Equine intra-articular therapy (Proceedings)

Therapeutic goals

• Eliminate lameness (pain)

• Disease modification

• Chondroprotection

What are we treating?

• Inflammation

• Mechanical stress

• Synovial fluid changes

• Cartilage pathology – breakdown

• Degenerative changes

Target areas for treatment

• Synovium

• Synovial fluid

• Articular Cartilage

• Sub-chondral Bone

Challenges of medical management

• Specific joint involved

• Stage of lesions

• Current and intended use of the horse

• Age of the horse

• Treatment cost

• Response to therapy

• Regulations

What we use

• Steroids

     o Methylprednisolone acetate

     o Triamcinolone

     o Betamethasone

• Sodium hyaluronate

• Polysulfated glycosaminoglycans

• Interleukin-1 Receptor Antagonist

• Autologous Stem Cell

Corticosteroids

• Effects on Inflammation

     o Inhibition of prostaglandin synthesis

     o Phospholipase A2 inhibition

• Disease-modifying effects

     o Inhibition of NF-κβ

     o Decrease cytokine production

     o Decrease IL-I, TNF α

     o Inhibit MMP production

     o Decrease fibrin deposition

• Effects of IA Corticosteroids on target Areas

     o Synovium/Synovial Fluid

          • Reduce synovitis

               - Reduced synovial effusion (MPA) (Van Pelt RW. JAVMA 143:738-748, 1963)

               - Decrease synovial membrane permeability (Eymontt et al. J Rheum 9:198-203 1982)

               - Decreased total protein, increased viscosity, increased HA concentration (MPA) (Chunekamrai S et al. AJVR 50:1733-1741 1989)

          • Inhibit interleukin-1 synthesis by synovial lining cells

          • May improve cartilage nutrition by controlling severity of synovitis

               - Enable return of normal synovial fluid properties

               - Improve fluid exchange within the joint

          • Increase proteoglycan concentrations (Roneus B et al. Zentralbl Veterinarmed; 40:10-16 1993)

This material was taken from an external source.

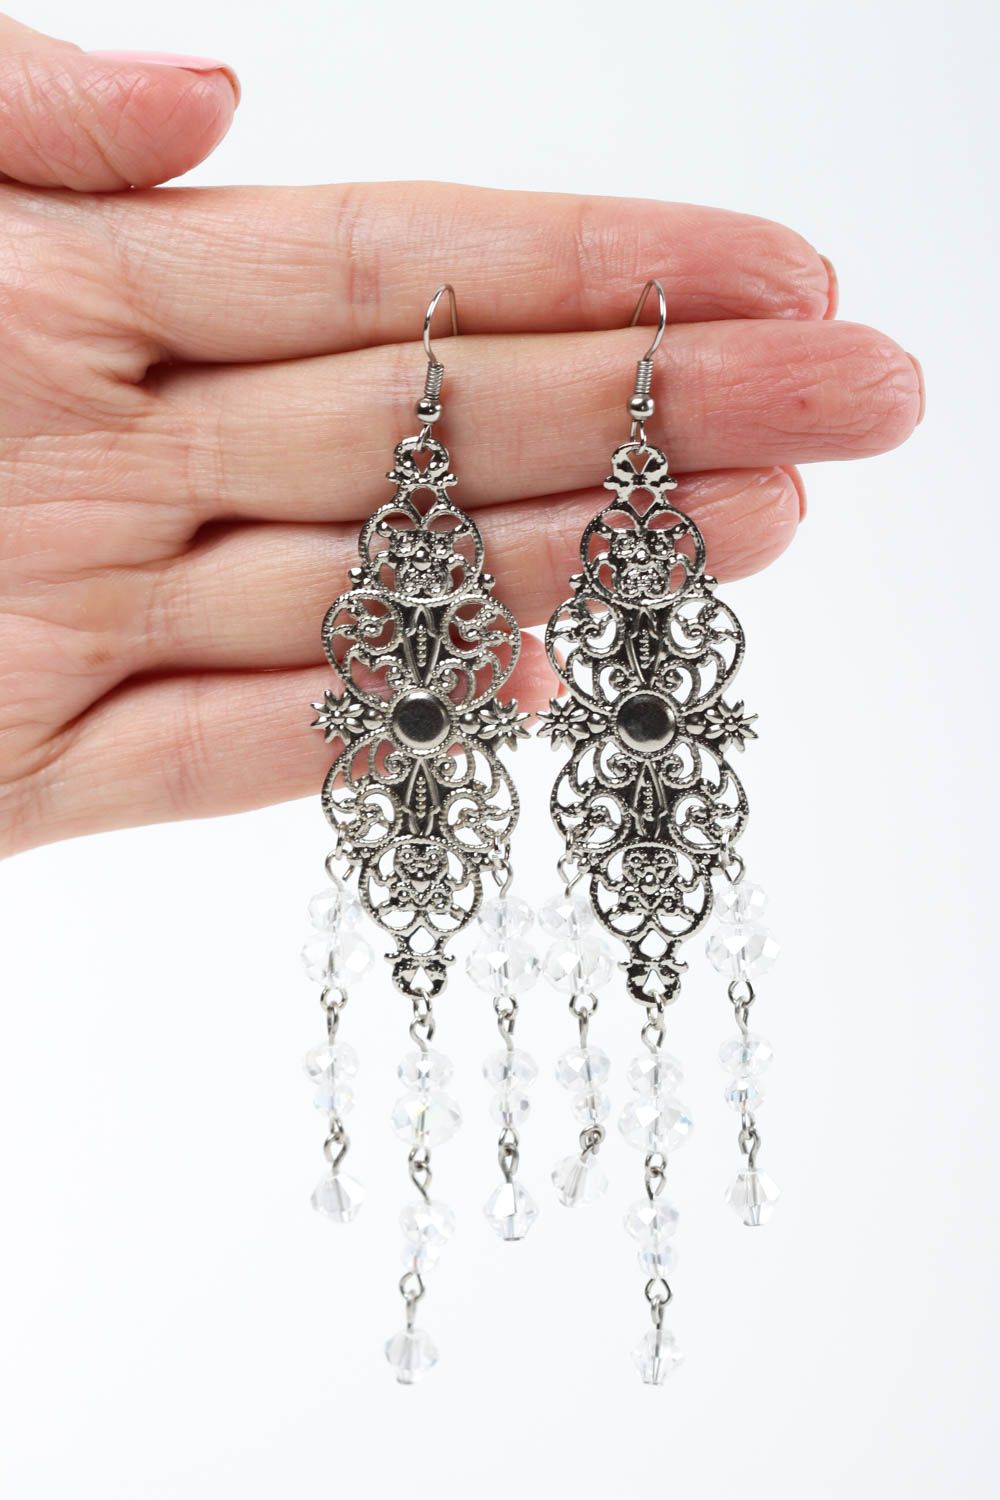 Handmade earrings designer earrings unusual gift crystal accessory gift for her photo 5

          • Increase in HA concentrations (Tulamo RM. AJVR; 52:1940-1944 1991)

     o Cartilage

          • Reduce matrix metalloproteinase activity in osteoarthritic cartilage in vitro (Richardson DW et al. Inflamm Res; 52:39-49 2003)

               - Dose dependent

          • Inhibit synthesis of metalloproteinase activators like plasminogen activator or plasmin

          • Reduced cartilage damage in OA models in horses (Frisbie DD et al. EVJ 29:349-359 1997)

          • Deleterious effects of steroids on cartilage:

               - Inhibition of proteoglycan synthesis (Trotter et al. AJVR 52:83-87 1991)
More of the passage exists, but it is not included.